Censorship and harassment of the local media were pervasive in 2006. The 1962 Printers and Publishers Registration Act requires that all editorial and advertising material be approved by the PSRD, a time-consuming process that requires most Burmese periodicals to publish as weeklies or monthlies. The PSRD has often required publications to carry articles drafted by the government, especially government propaganda recycled from New Light of Myanmar, the official daily newspaper.
On January 3, the junta ordered the sacking of popular Yangon Times columnist Major Wunna, who wrote under the pseudonym Mar J, after the periodical published two articles by him that government censors had rejected. The satirical pieces lampooned the government’s relocation to Pyinmana and the ongoing National Convention to draft a new constitution.
The immensely popular Weekly Eleven Journal was forced by the censorship board to remove the names of four of the 15 people it had identified for its year-end edition as the country’s leading personalities, including writer Ludu Daw Amar, journalist Ludu Sein Win, businessman U Tay Za, and artist Maung Than Sein.
In February, the PSRD issued a directive prohibiting all media from reporting on the reaction of Burma’s minority Muslim community to the controversial Danish cartoons of the Prophet Muhammad. At least one publication had two articles it had drafted on the subject banned by censors, and no Burmese media covered the cartoon story, according to CPJ sources.
The PSRD in June ordered all local journals and magazines to stop publishing articles by Ludu Sein Win, who had been jailed by a previous military government. The order came soon after the 65-year-old journalist, who relies on an oxygen mask to breathe, wrote an op-ed piece for the International Herald Tribune that criticized the SPDC’s policy toward the political opposition and called on the international community to pressure the junta. In another case of overt censorship, the monthly magazine New Spectator, which launched in May, was forced to cancel its July edition after government censors banned four of its top stories.
Despite this, the Ministry of Information claimed to be implementing a more open policy toward the local media. Information Minister Brig. Gen. Kyaw Hsan and top-ranking censor Maj. Tint Swe repeatedly vowed to adopt more flexible censorship policies and allow local publications more editorial independence. Favored publications were allowed to report for the first time on natural disasters, poverty, and certain public health issues, including the country’s growing HIV/AIDS problem.
Brig. Gen. Kyaw Hsan led press conferences that, for the first time, allowed open question-and-answer sessions and, in May, participated in a government-run journalist training course. Not surprisingly, his lectures stressed journalism that serves “the interest of the state and the people,” according to news reports.
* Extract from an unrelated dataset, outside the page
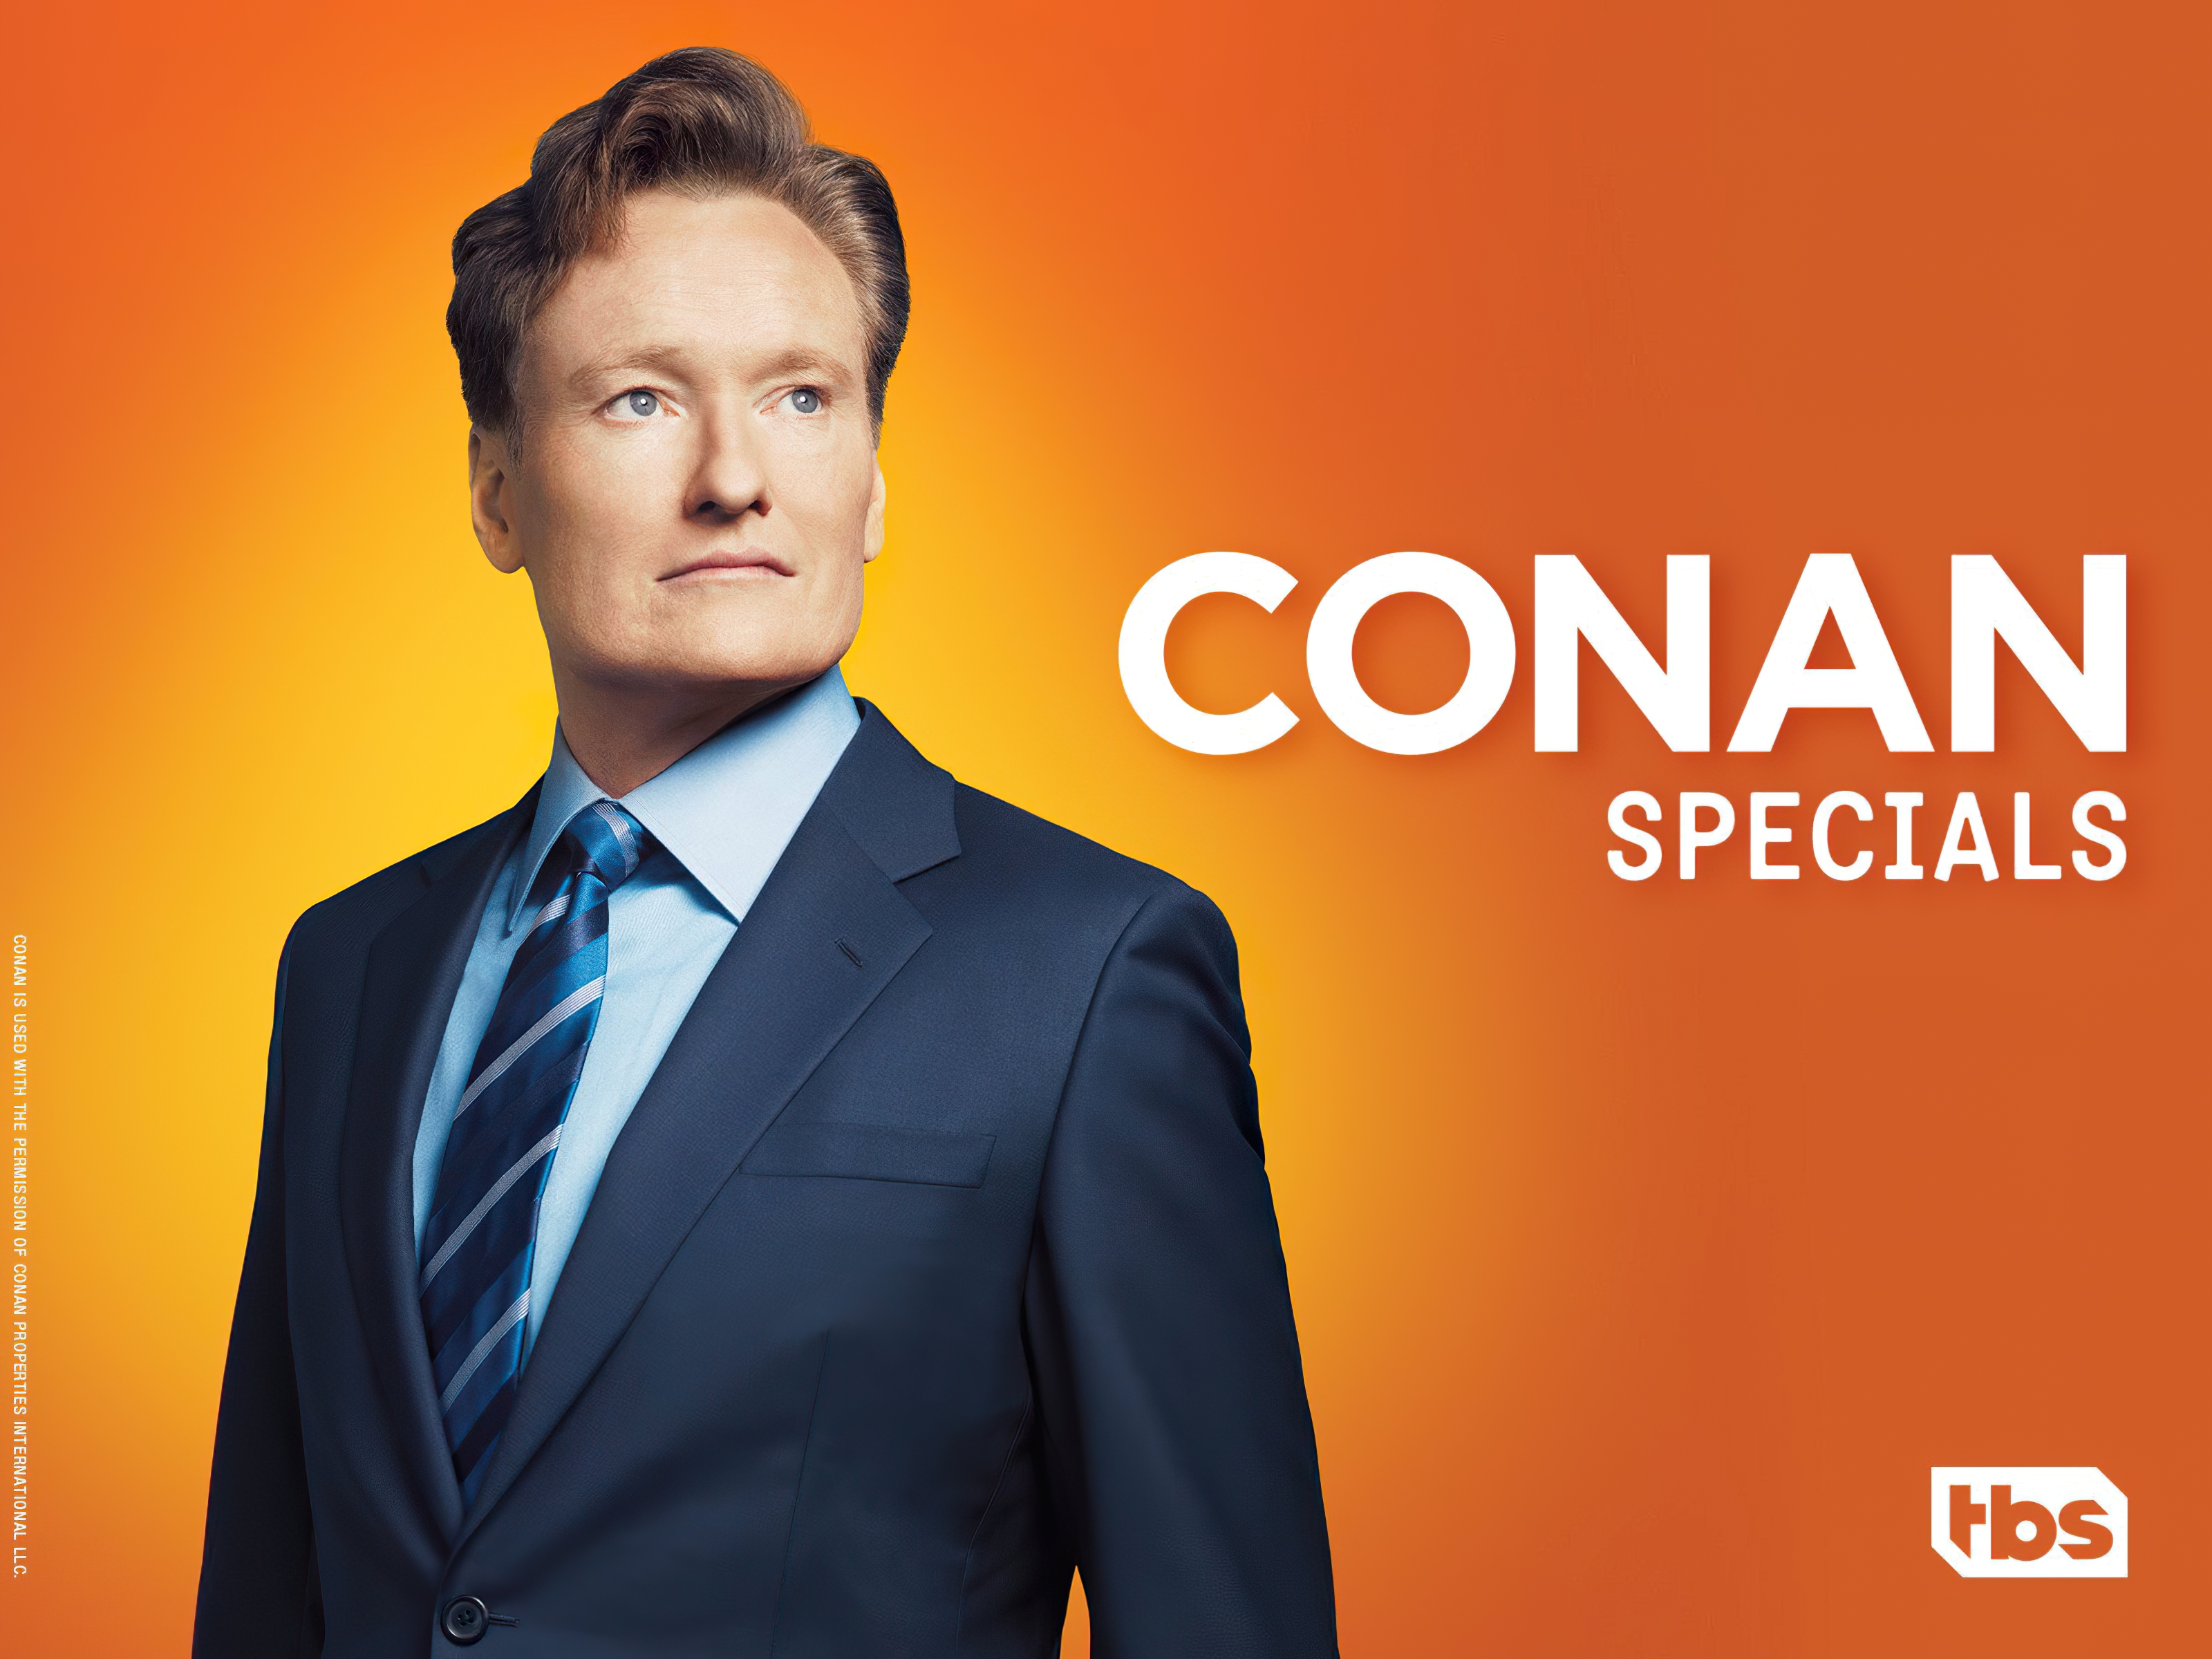 HD desktop wallpaper featuring a promotional image for Conan specials with a distinguished man in a dark suit on an orange background.

The SPDC upgraded its Internet filtering and surveillance technologies, which it has procured from U.S. technology company Fortinet since 2004, according to information compiled by the OpenNet Initiative, a collaborative of several universities that focuses on Internet censorship issues.
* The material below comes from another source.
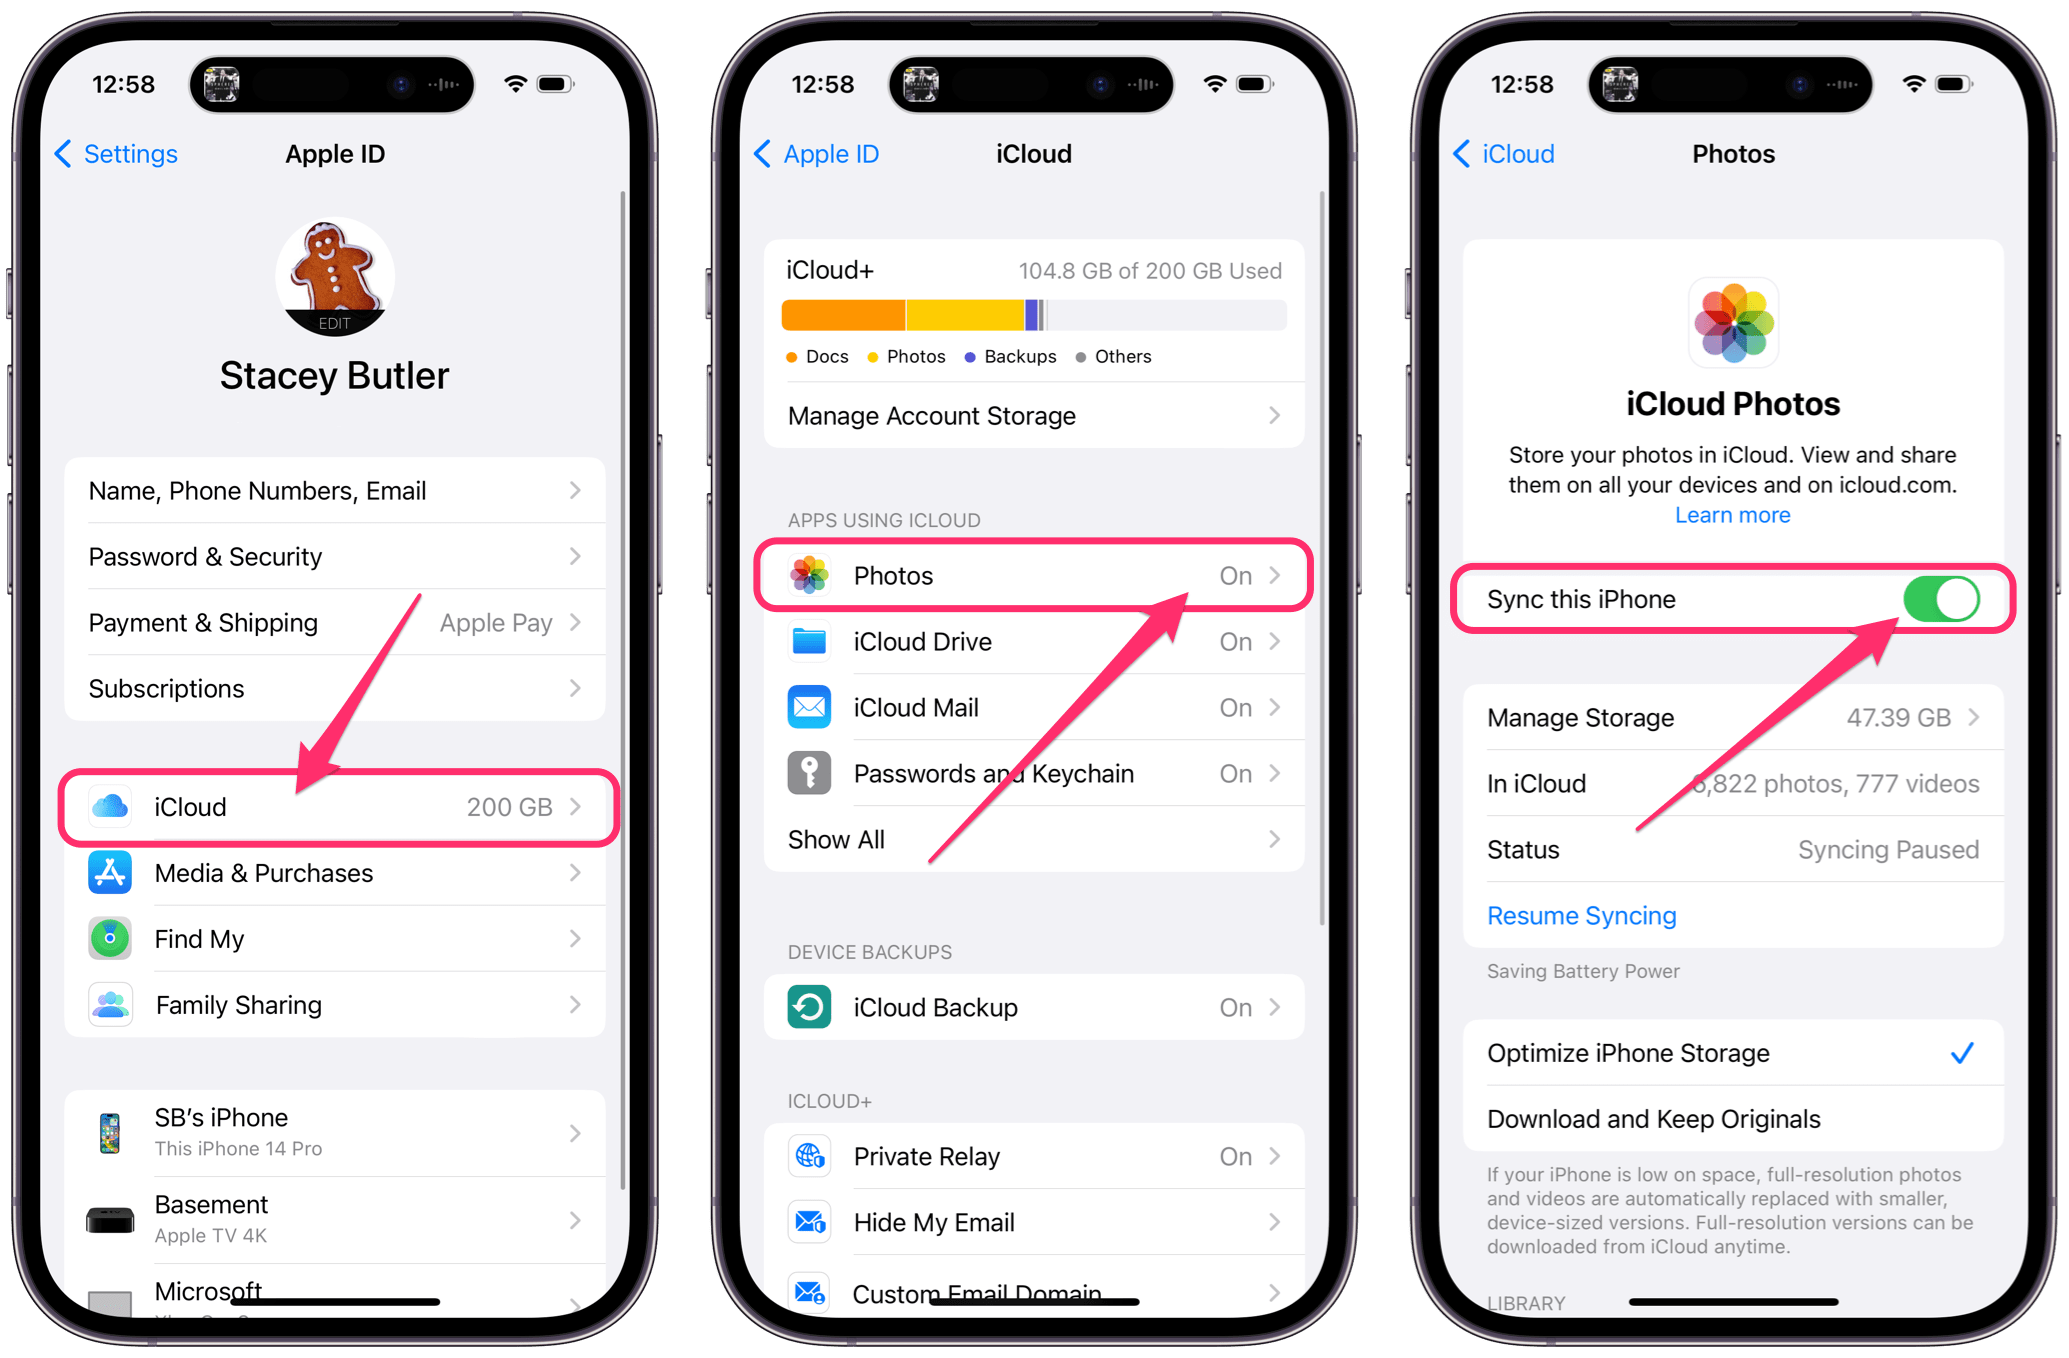 turn off iCloud photos syncing in iPhone settings

The government has a monopoly on all 40 or so domestic Internet service providers, and it has attempted to force local e-mail users onto the government-run Mail4U service by periodically blocking access to internationally hosted services Yahoo and MSN Hotmail.
Government censors also sought to block Google’s Gmail and online voice service GTalk. Users complained in mid-June that when they attempted to log on they received an “access denied” message and that service was only sporadically available in the months that followed.
Exiled journalists and press freedom advocates in Thailand and India told CPJ that the blockage was most likely part of the Ministry of Information’s August 2005 “media to fight media” policy, a crude effort to block the flow of information critical of the government to foreign media organizations and exiled opposition groups.